The other limit is RLIMIT_RTPRIO; it can have a range of 0..100. If it is nonzero, the process is empowered to use the realtime scheduling classes up to the indicated priority.

The problem with this approach, from the point of view of the audio community, is that it is not currently supported by any distribution. It is easy to set up PAM to give expanded limits to specific users or groups - once PAM has been patched to understand the new limits. Shells, too, must be patched before their ulimit commands can be used to change the limits. So it will be some time before an "out of the box" Linux system will be able to take advantage of this new capability.
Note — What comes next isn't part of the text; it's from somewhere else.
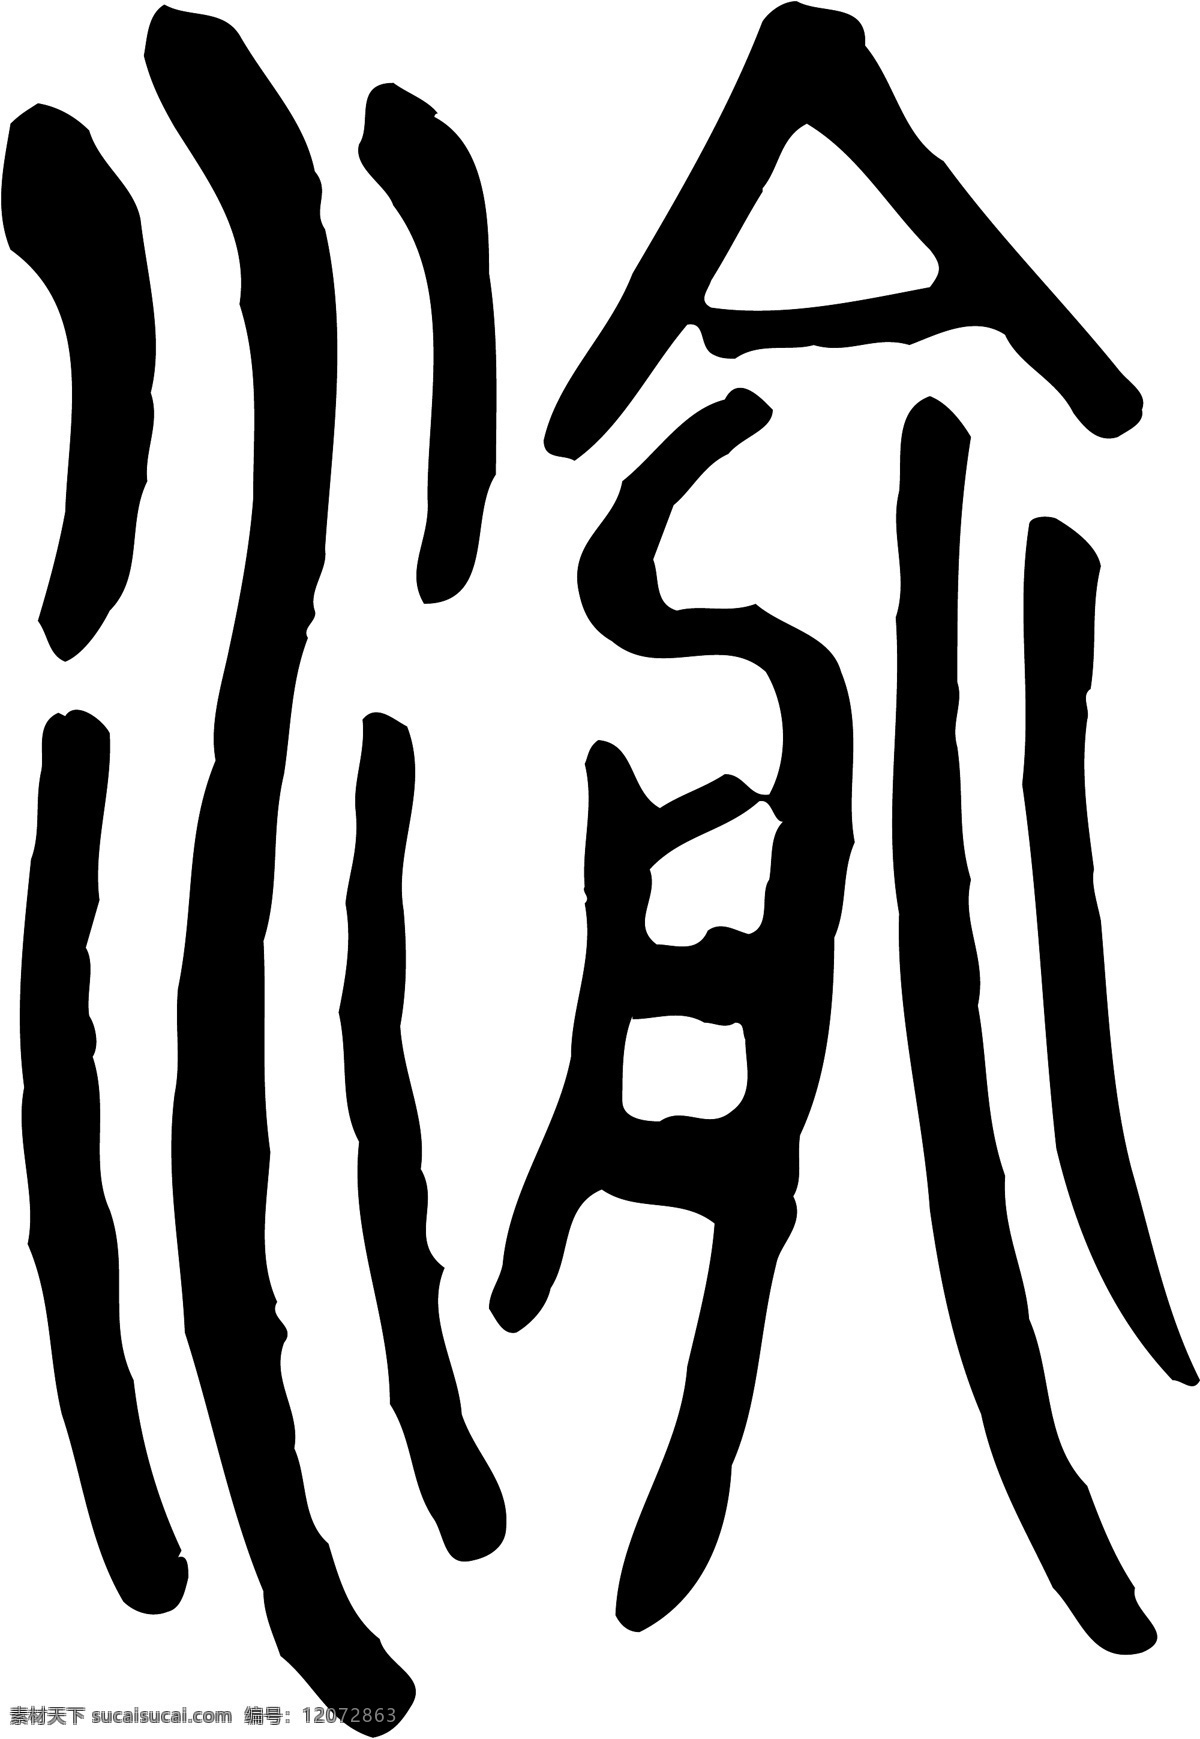 渝 书法 汉字 十二画 传统艺术 矢量 格式 1987 ai格式 设计素材 十二画字 瀚墨宝典 矢量图库 白色

In the long term, however, the rlimit patch looks like a minimally invasive way of making realtime scheduling available, in a relatively safe way, to ordinary users. Anybody wanting to play with the new mechanism before their distribution catches up can find instructions and patches on this web page.

Comments (3 posted)

API change: synchronize_kernel() deprecated

The read-copy-update mechanism works with the fundamental assumption that, if no pointer to an RCU-protected data structure exists, there will be no references to that structure after every processor on the system has scheduled at least once. This assumption works because the rules require that accesses to RCU-protected data structures be atomic; scheduling while holding such a reference is not legal. When RCU was added to the kernel, it brought with it a function called synchronize_kernel() which would wait for every processor to schedule. Since it seemed that this capability could be useful outside of RCU itself, synchronize_kernel() was exported to the world.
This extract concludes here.